What could the firms prohibit?

These will either be severely restricted or prohibited: Higher priced, more complex products that have issues of liquidity and lack of transparency, such as non-publicly traded REITs, variable annuities, proprietary products or limited partnerships of certain types. Revenue that can be generated by the sale of such products is just not worth the risk, I expect firms to say.

What changes in advisor compensation do you anticipate in complying with the new rule?

Eventually, I see flat fees, fixed fees and hourly fees becoming more and more common. In the transition, there will be more fees, more ongoing management and fewer commissions because of the [best interest contract exemption], which is somewhere between complex and vague. But it’s really beautiful because it [provides for] the client’s best interest.

Will the change to level fees require advisor training?

Significant advisor training. And in adopting the fiduciary culture, the emphasis on due diligence regarding specific products is substantial.

How else might the big firms change their M.O.?

Revenue-sharing arrangements – paying for shelf space – will start going away because that [sort of] compensation is very difficult to justify. So products with 12b-1 fees and [FA] trips are not going to have the opportunity to be presented to the client because they have inherent potential conflicts. Again, the wirehouses may prohibit them because if it’s questionable as to how appropriate they are, it will be very hard to justify that they’re in the client’s best interest. The firms will feel it’s just not worth it. What do you think will happen when it comes to financial planning?

We’ll see more financial planning by the whole industry, with a more robust inquiry [process] and discussion of investing options. The rule requires knowing the client and understanding the source of funds; for example, should they be rolled over to an IRA? Or would it be better if they stayed in a qualified plan?

What impact will the rule have on your firm and others who charge by the hour?

A natural outcome is going to be more holistic planning. We are first and foremost financial planners and also registered investment advisors. So there will be greater emphasis on retirement planning, retirement distributions and all the nuances.

Will that mean spending more hours with clients?

It doesn’t have to. Rather, it’s how the hours are spent.
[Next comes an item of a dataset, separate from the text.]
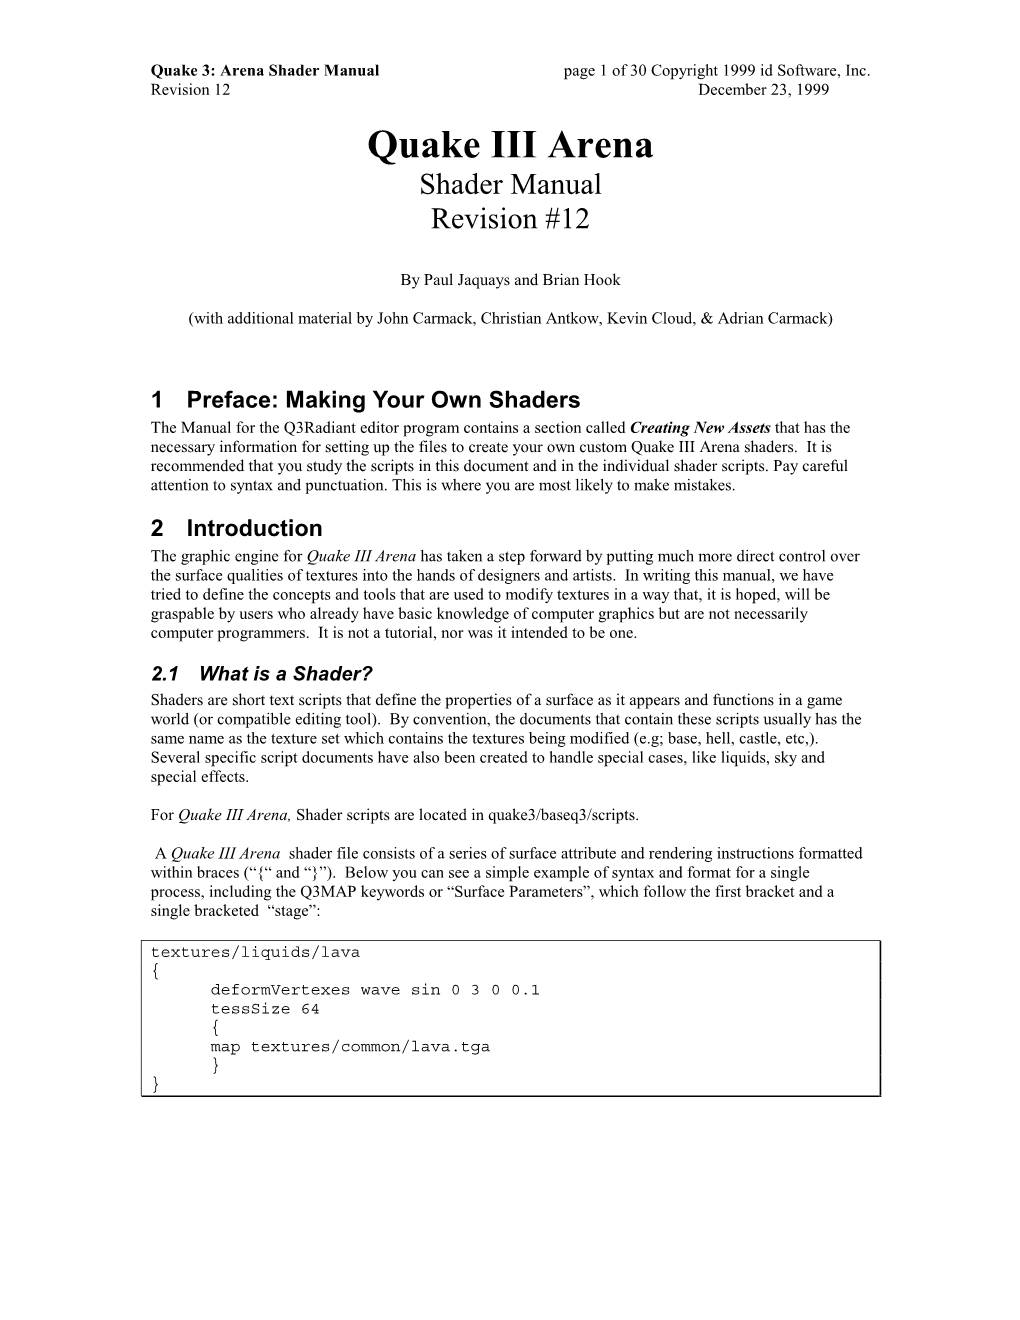 Quake 3: Arena Shader Manual, Revision 12

So, instead of lots of sales-type meetings with clients, there will be a lot more consultative meetings not specifically related to investments – yet. Fiduciaries need to get additional data and clarification and a better understanding of the client’s [needs], and then document all of that. Versus the [brokerage] suitability standard, there are more pieces to the puzzle than simply [saying], “This is the perfect investment for you.”
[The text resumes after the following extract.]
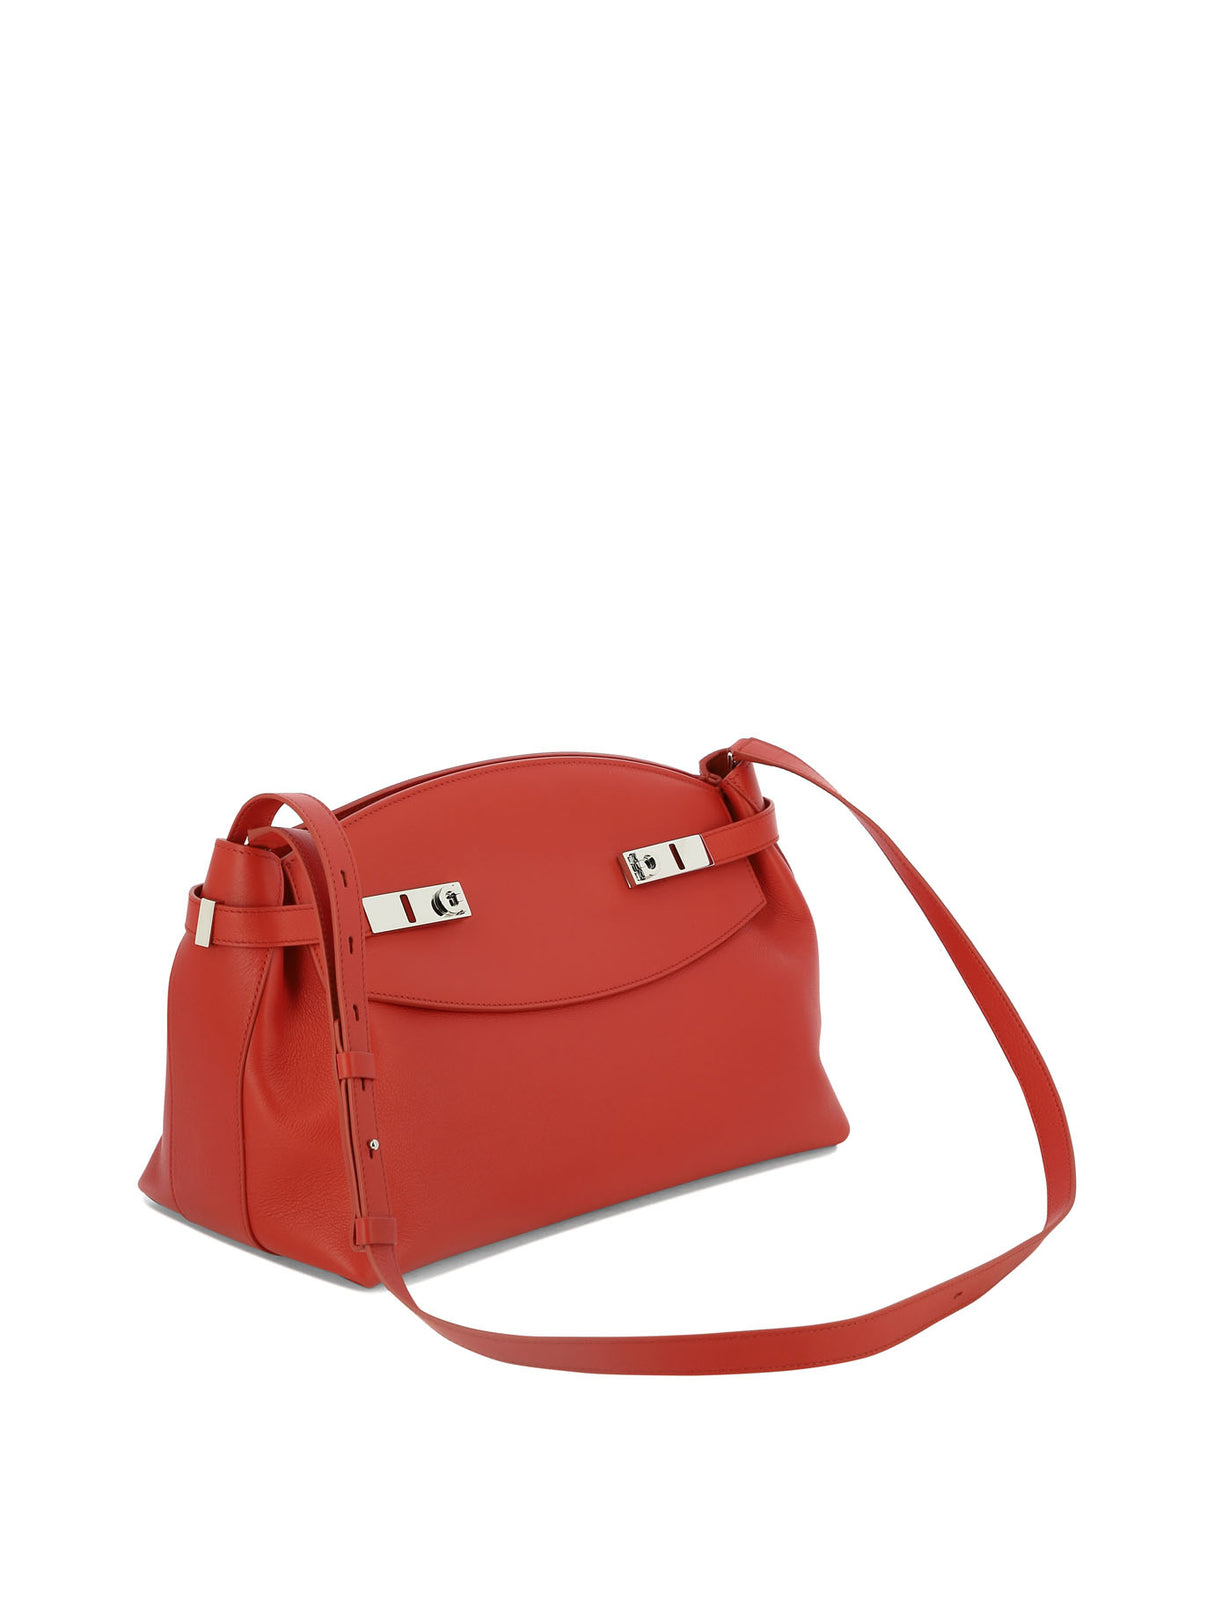 简约时尚红色悬挂式手提包

So will advisors in your network raise their hourly fees?

Not necessarily. I don’t foresee hourly advisors, in general, changing much. We already have levelized compensation in our firm, and we acknowledge our fiduciary relationship in our client services agreement. So we have much less of a transition to the new reality.

But the DOL extends the fiduciary standard to rollovers.

Yes, but I would be hard-pressed to think of a fiduciary who doesn’t already take into account where the money is coming from when they make a recommendation — it’s part of the process. Before recommending a rollover, you have to look at every option: Should I stay in my defined benefit pension plan? If I roll it over, what are the pros and cons?

The new rule’s implications for the future?

The rule is a catalyst to propel the industry to the place it was going naturally. The DOL is just pushing us there faster. A fiduciary obligation is to do no harm. That sounds like a doctor’s [duty]. But it’s more than that: It’s do no harm, and do it in the client’s best interest by doing the right thing. You can’t just say, “Okay, let’s take this money and do something great for you.”